Among the wide variety of reactions to the Supreme Court’s decision in Citizens United v. FEC was the novel suggestion that it might actually be good for the left (on the Chicago-based blog Gapers Block). The reasoning was that now that the cards are stacked even more in favor of corporate rigging, progressives should have no bones about re-aligning more of their resources to organize against corporatocracy, instead of their allegedly failed attempts at protecting consumer and environmental welfare from within political institutions.

While evidence abounds that corporate influence in politics is already disastrously pervasive, progressives cannot gain from ceding the remainder of our inside men. There is simply much more power concentrated in the making of rules than in the daily revenue or PR impacts of a boycott here or a demonstration there. Those tools are important – indeed, they’re essential for the civic health of our democracy. But they are simply no substitute for elected officials who will take a principled stand for consumer and environmental protections, and a not-quite-totally-plutocratic distribution of wealth.

Gapers Block goes on to say:

“…resolving a constitutional question such as the intention of the First Amendment is not the same as considering a bill in committee: conjecture on outcome cannot be a serious criteria. The Court needs to determine what the right to free speech actually entails, not just how specific and various definitions of the right will effect politics and government.” [italics added]

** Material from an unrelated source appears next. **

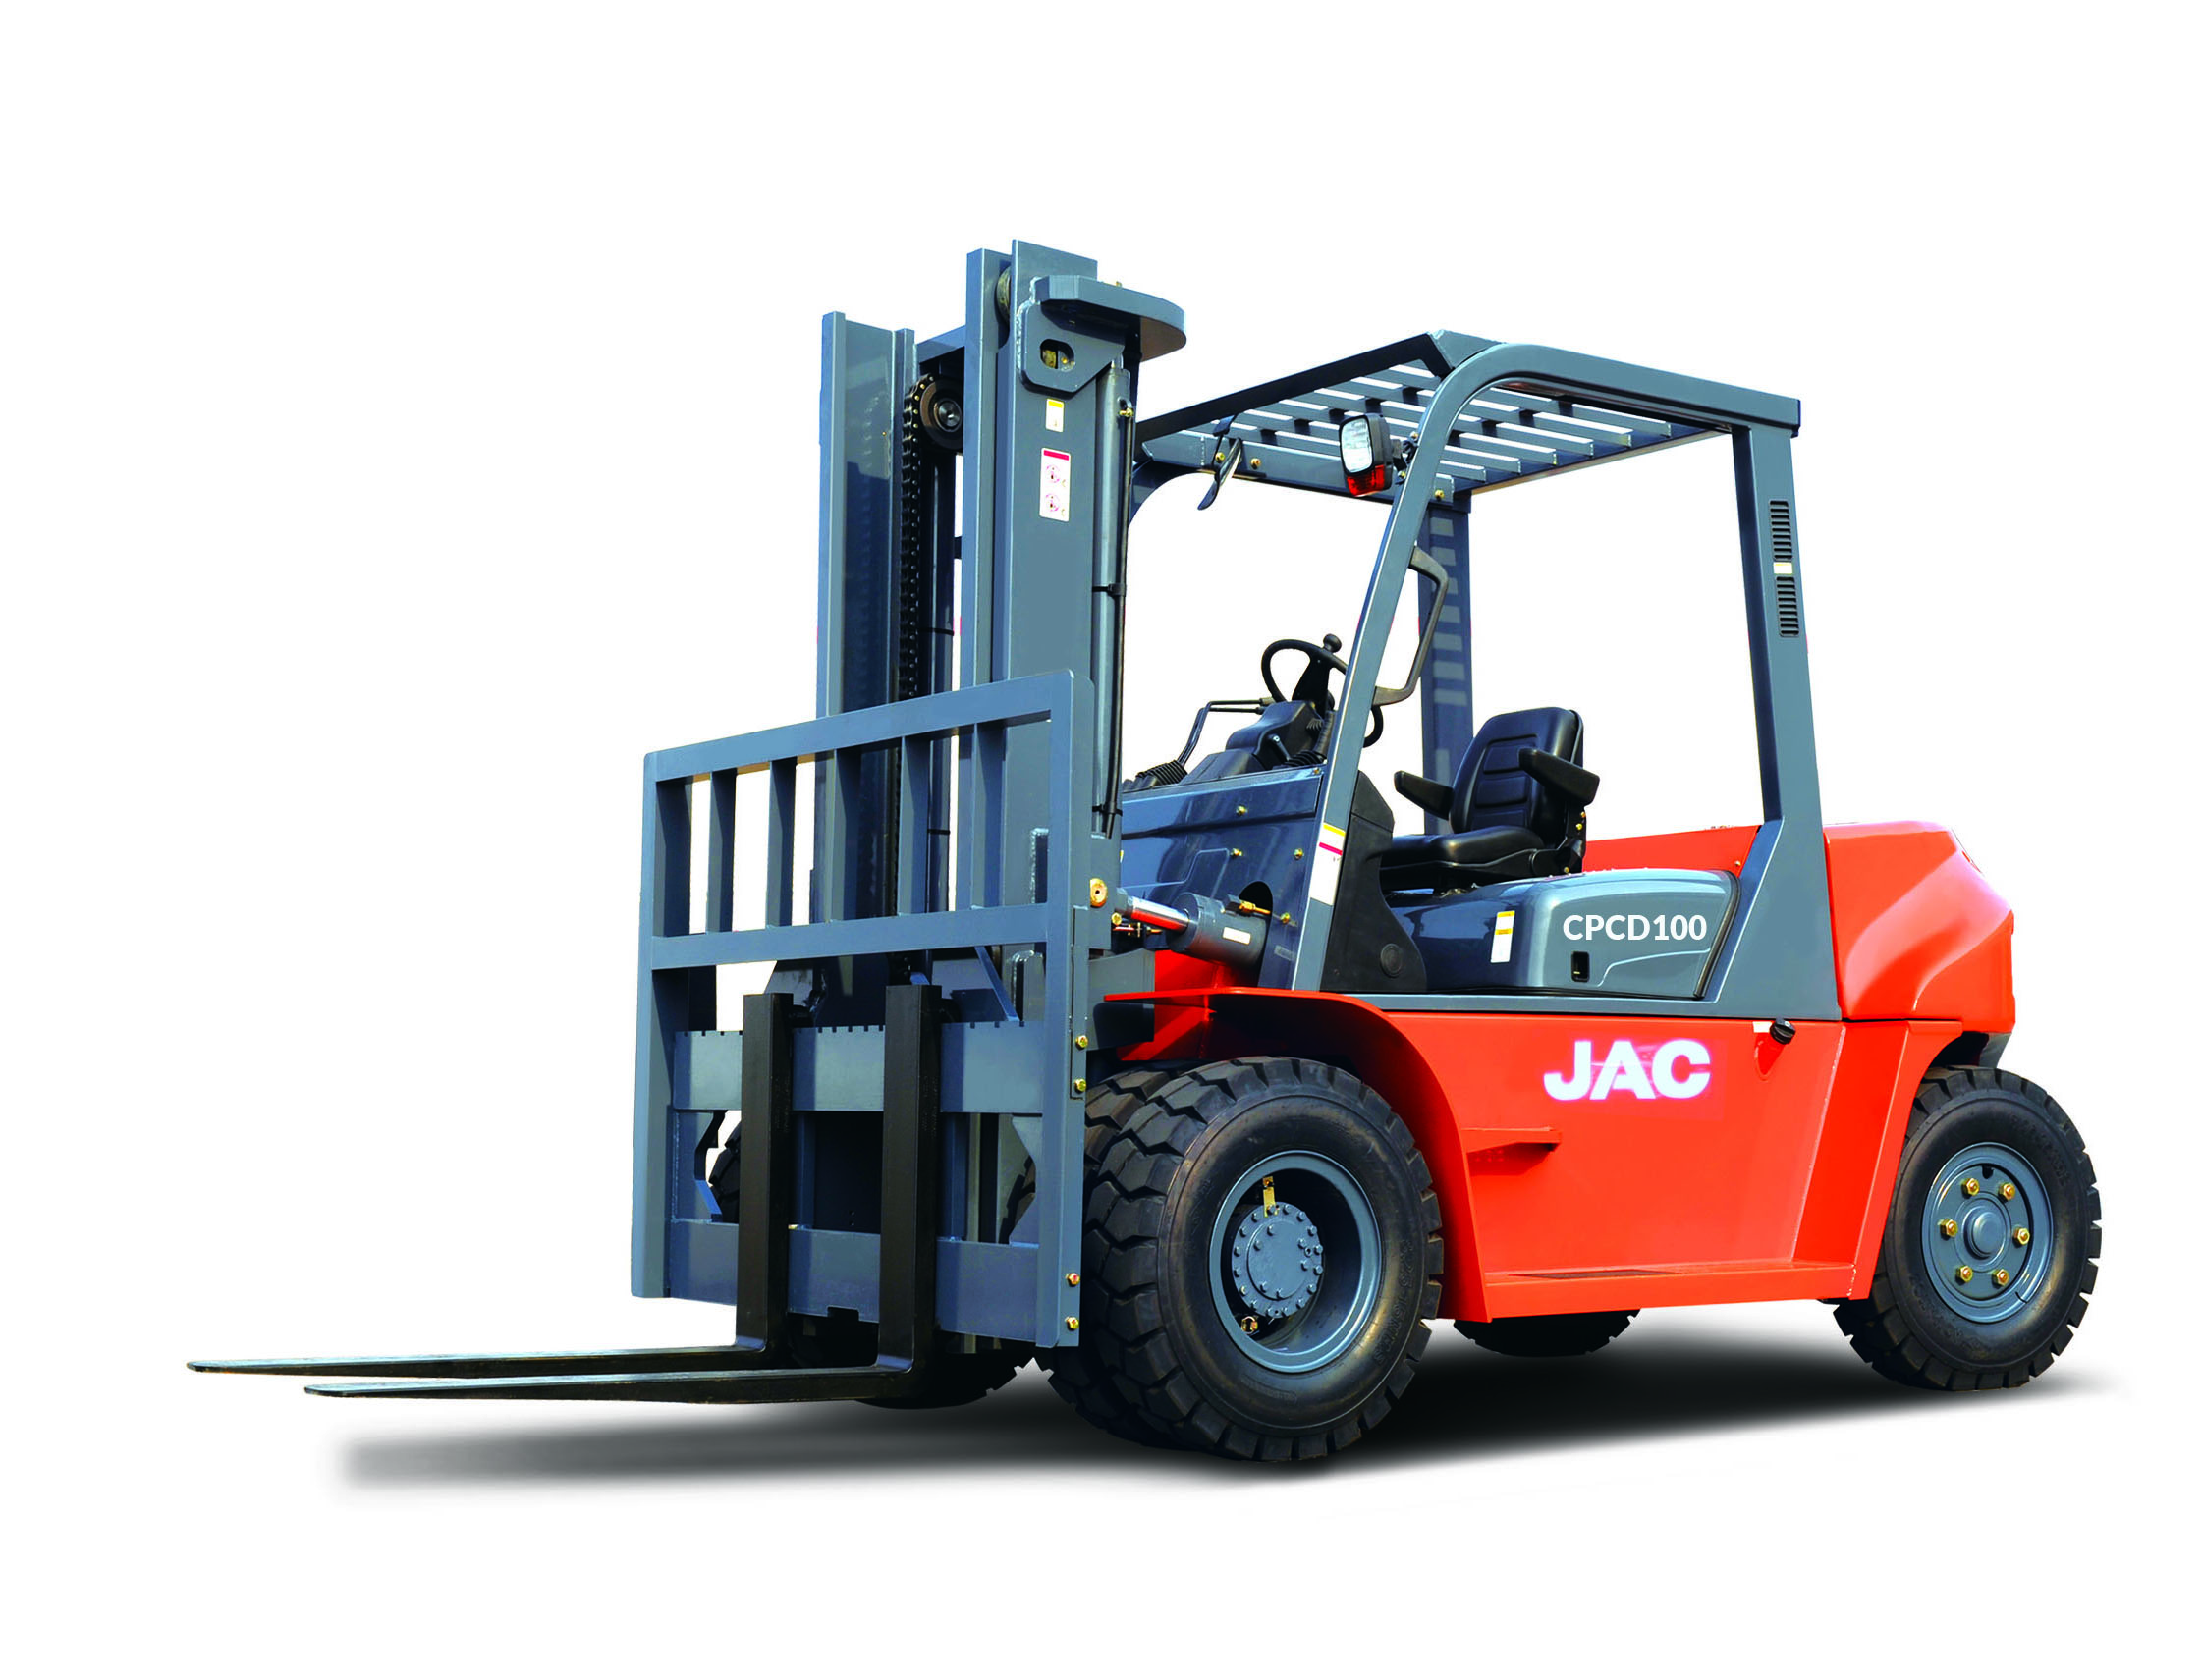 10 Ton Fork Lift : Cpcd ton jac forklifts

This is an apt statement of the judicial philosophies of the Court’s conservative majority, but it is hardly a model for the work the constitution began: creating a stable, fair, and open society where justice and merit have a fighting chance against entrenched giants unburdened by civic or community concerns. I believe that there has not been nearly enough attention paid to “how specific and various definitions of rights will affect politics and government.” Laws have consequences, and it takes a willful and disturbing belligerence to ignore the second when deciding the first.

Would considering those consequences in resolving constitutional questions make those resolutions less parsimonious? Yes, in some cases (like it should have in Citizens United). But I believe that a little parsimony in constitutional interpretation is a small price to pay for protecting some semblance of balance in the distribution of political power. That kind of power, especially in the hands of astronomically profitable corporations, already reinforces itself, because accruing influence is simply what massive profits do. But extending corporations’ ability to influence the rules under which their massive profits are made tilts the scales beyond their already precipitous imbalance.

If we are interested in preventing the economic dominance of a handful of super-corporations from translating perfectly into political dominance, we must establish an explicit limit on their ability to influence the very rules that govern them. Who can sincerely believe that mega-corporations like ExxonMobil and Chevron, Comcast and AT&T, Monsanto, or GE have the public’s interest in mind when they spend hundreds of millions of dollars every year to fashion rules contributing to their bottom lines?

If we wish to retain the only sane basis for these mega-corporations – that they exist to improve the well-being of individuals’, and not the other way around – then we cannot allow them to crowd out the robust, balanced marketplace of ideas with ruthlessly calibrated and lavishly financed campaigns of singular, profit-driven interest. I take as a starting point that that is fundamentally important, and ask then how it can fit with the constitution and existing case law.

This may seem to insufficiently address existing case law, but I believe it is a mistake to allow the conversation in Citizens United, or the broader question of corporations’ rights, to be restricted to legalistic skirmishes. With a question as fundamental and consequential as the 1st Amendment, we have a responsibility to consider not only the intent of the constitution’s authors or interpretive parsimony, but also the kind of society we would like to create in our increasingly power-skewed world.